- **What you have to do**: Please transcribe exactly, and only, the lines of the data below between the line holding "Fusione di due" and the line holding "Write – an Arabic word", inclusive.

=== Supplied data ===

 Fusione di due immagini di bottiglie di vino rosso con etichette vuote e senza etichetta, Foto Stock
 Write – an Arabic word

===
=== Supplied data ===

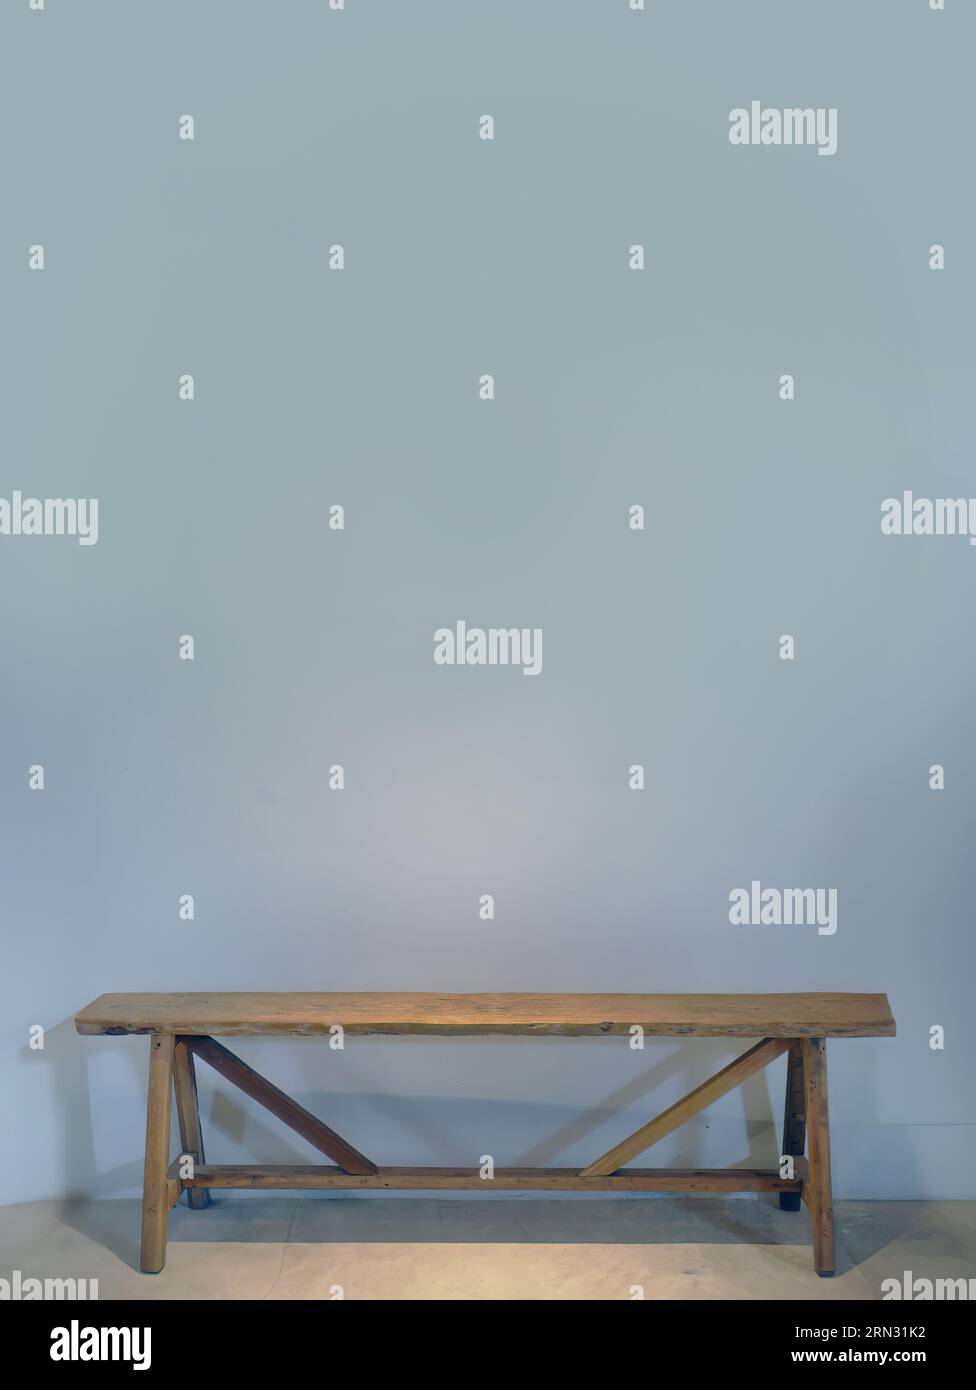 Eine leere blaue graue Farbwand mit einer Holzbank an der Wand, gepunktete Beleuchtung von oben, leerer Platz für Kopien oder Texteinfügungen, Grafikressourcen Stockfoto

===

- **Result of the exercise**:
 Fusione di due immagini di bottiglie di vino rosso con etichette vuote e senza etichetta, Foto Stock
 Write – an Arabic word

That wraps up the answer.